Analyzing Measures of Educational Gerrymandering: Are Irregularly-Shaped School Attendance Zones Racially Segregated?

David C Van Riper, Salvatore Saporito

Research output: Working paper

Abstract

Every school district has authority to determine how it will assign public school students to its schools. The principal assignment mechanism used by most school districts is to draw lines that comprise attendance zones. These zones designate the public school in which children should enroll given where they live. Some districts create sprawling, truly irregular attendance zones that pull children from far-flung neighbourhoods; others create compact zones that resemble regular-looking squares. Still, no one knows if and how many irregularly-shaped zones exist and whether they integrate or segregate students by race. This research addresses educational gerrymandering in three ways. First, it describes measures of four attendance zone properties: (1) shape; (2) internal racial diversity; (3) the distribution of racial groups across small areas within them; (4) the degree to which they exclude members of nearby racial groups in order to isolate the members of other racial groups.

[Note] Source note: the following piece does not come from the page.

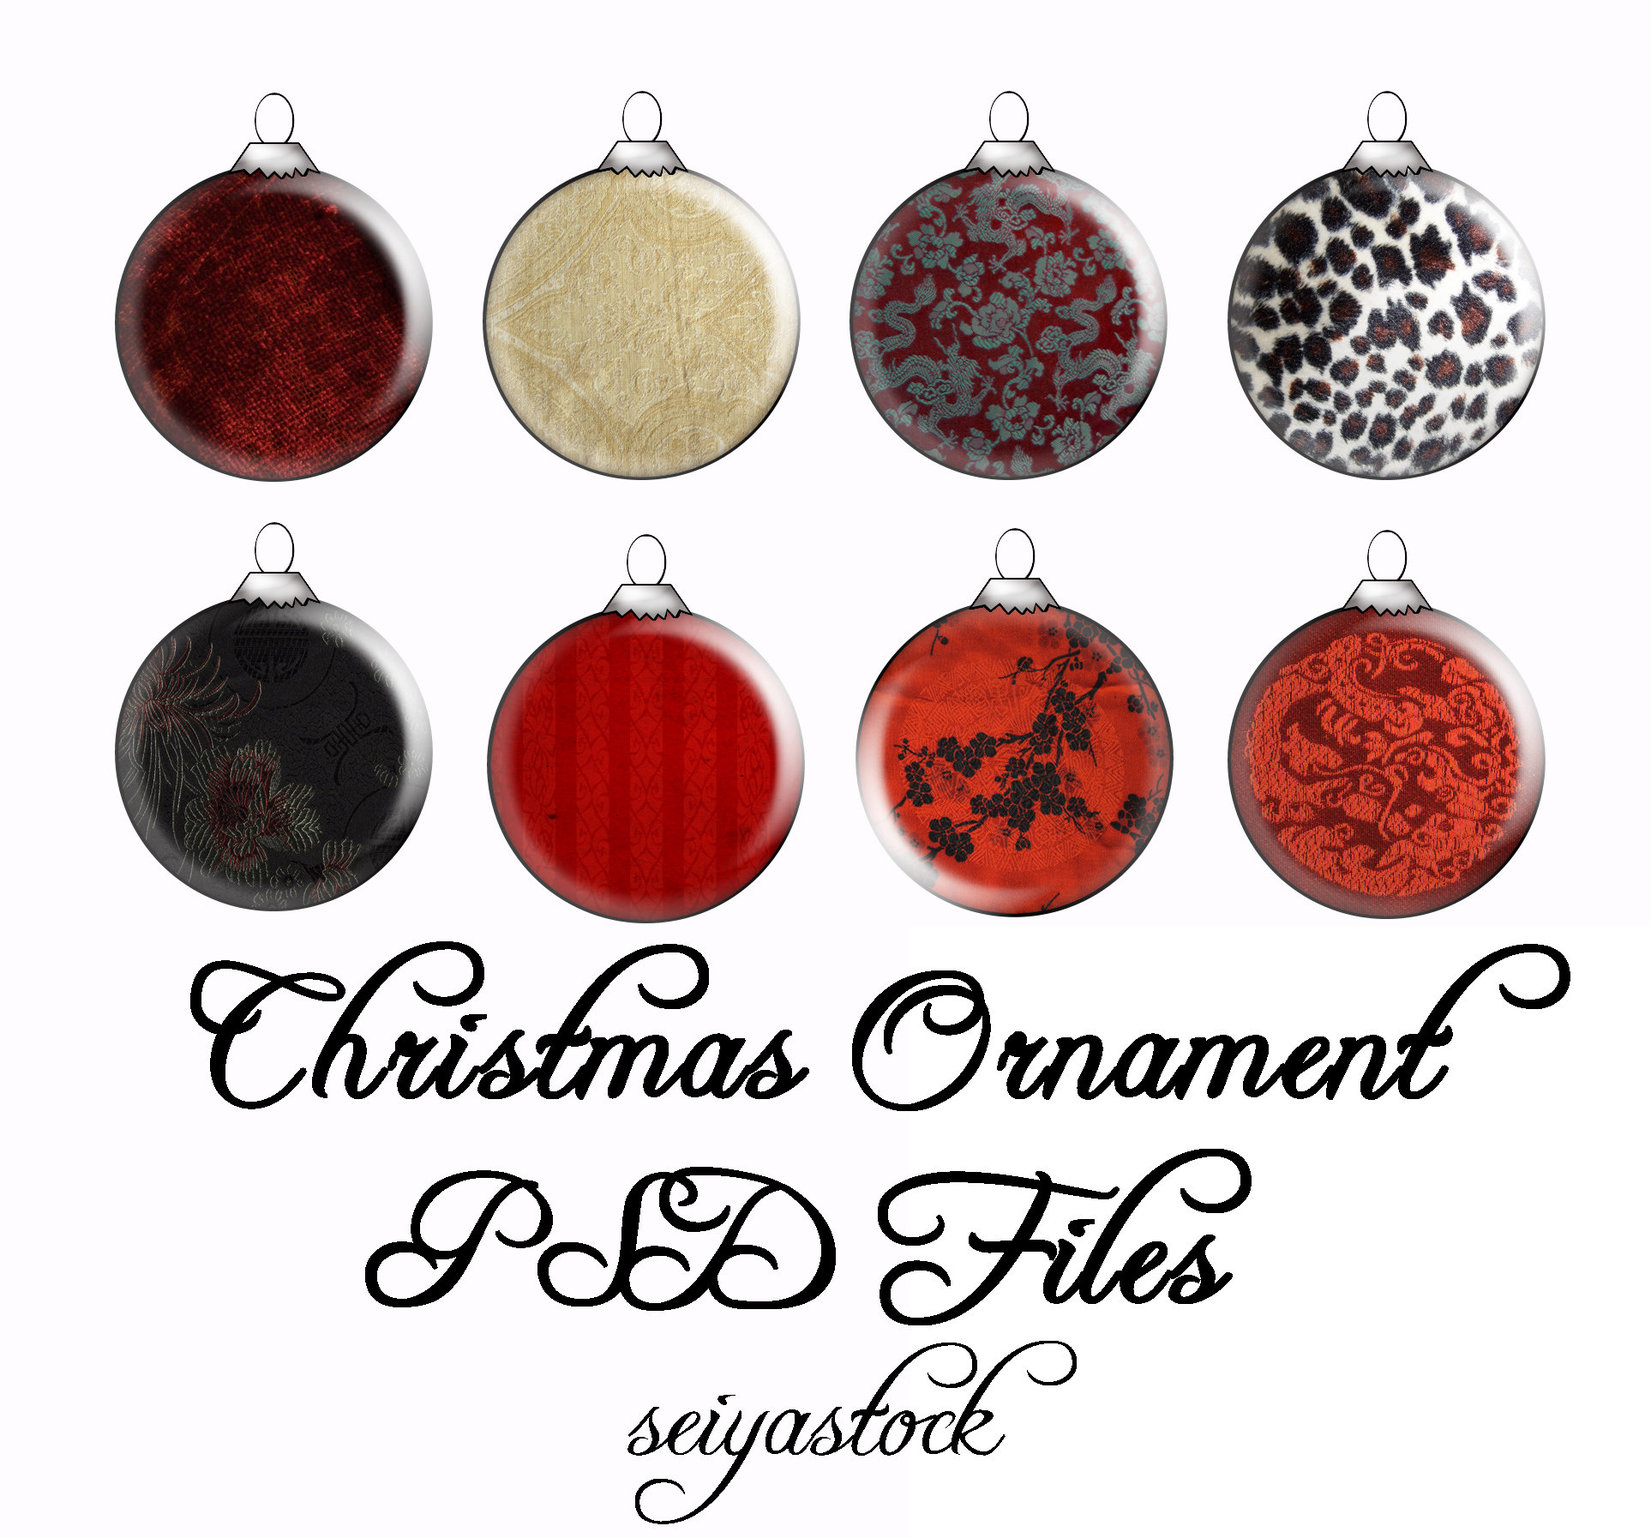 Christmas Ornament psd 1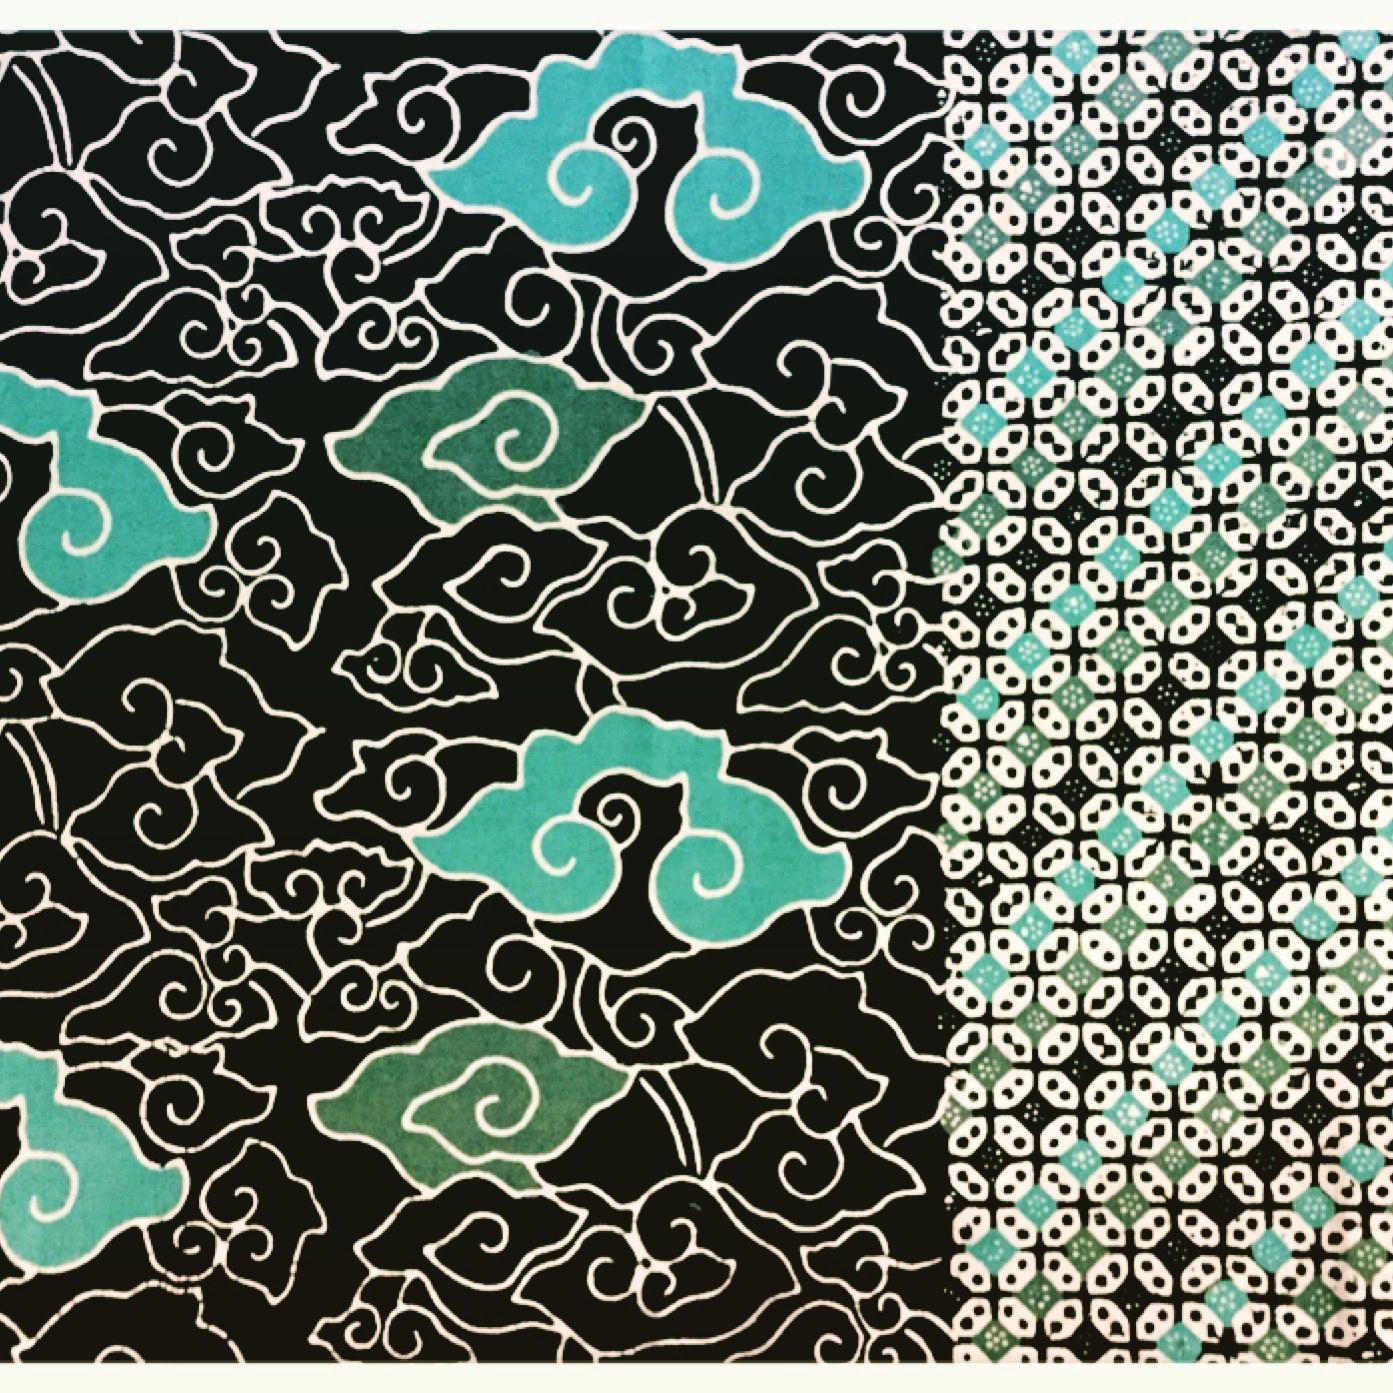 Batik Mega Mendung Tumpal Kawung Mixed Cirebon Jogja Pattern Pola Seni Modern

Second, it documents the correlations among these measures. The third and last contribution is to classify attendance zones into categories with the aim of identifying zones that represent the typical cases of shape irregularity and racial balance. To meet these goals, over 13,169 attendance zones embedded in 307 of the largest school districts are analyzed. Results indicate that educational gerrymandering is infrequent and when zones are shaped irregularly, they are almost always racially balanced.